Anxiety, for instance, might be defined in everyday language as “a state of being uneasy or worried.” That’s too imprecise for research. An operational definition would specify observable, measurable criteria: sweat gland activity on the palms, increased heart rate, dilated pupils, or a score above a certain threshold on a standardized questionnaire. Different researchers might use different operational criteria for the same concept, which is why scientific papers always spell out exactly how they measured what they studied. This transparency lets other scientists evaluate whether the criteria were reasonable and whether the results hold up under a different definition.
Criteria in Physical Sciences
Criteria also underpin the physical sciences in ways most people never think about.
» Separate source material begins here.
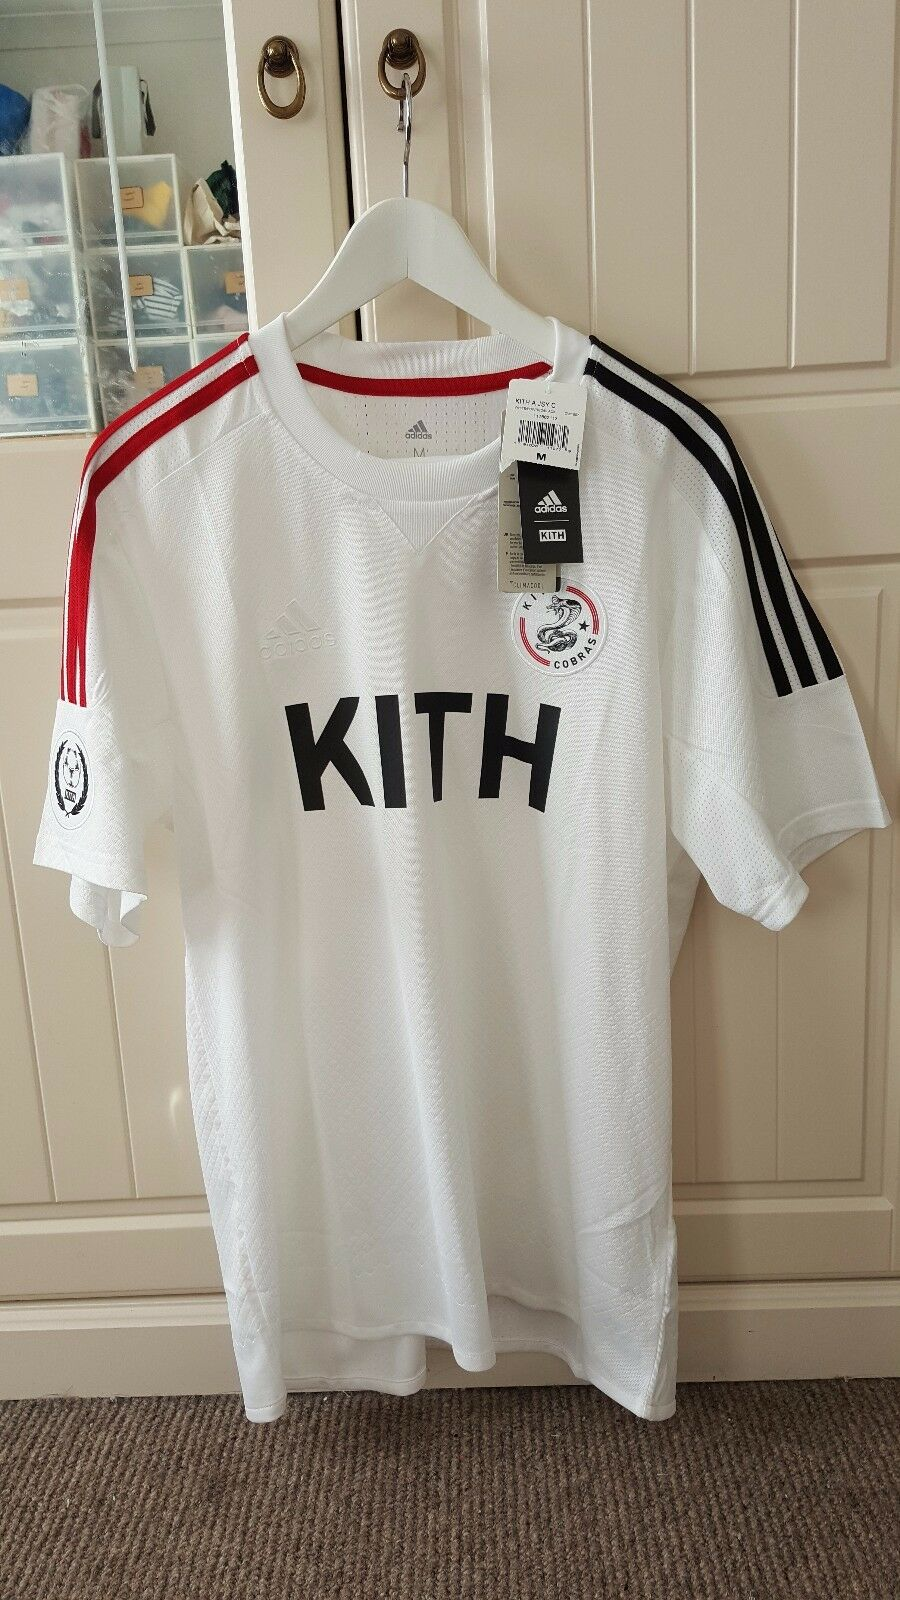 07e2d1fd2 Kith X adidas Cobras Home Soccer Football Jersey for sale online | eBay

The international system of measurement units, for example, defines the kilogram not by a physical object but by fixing the numerical value of the Planck constant at exactly 6.626 070 15 × 10⁻³⁴ joule seconds. The kelvin, the unit of temperature, is similarly tied to a fixed value of the Boltzmann constant. These fixed constants serve as the ultimate criteria for what a kilogram or a kelvin actually is, ensuring that measurements made anywhere on Earth (or off it) mean the same thing.
In chemistry, purity criteria determine whether a substance is clean enough for a given purpose. Pharmaceutical-grade materials must have their impurities identified and quantified, often down to the 0.1% level by weight. A compound that meets the criteria for laboratory use might not meet the stricter criteria required for use in a medication. The criteria change based on the stakes involved.
Why Criteria Matter
Across every branch of science, criteria serve the same core purpose: they replace subjective opinion with agreed-upon standards. A diagnosis is more reliable when every doctor uses the same checklist. A study is more trustworthy when its inclusion rules are transparent. A measurement is more useful when it traces back to a universal reference point. Criteria are what make science reproducible and self-correcting, because when the standards are explicit, anyone can check whether the standards were actually met.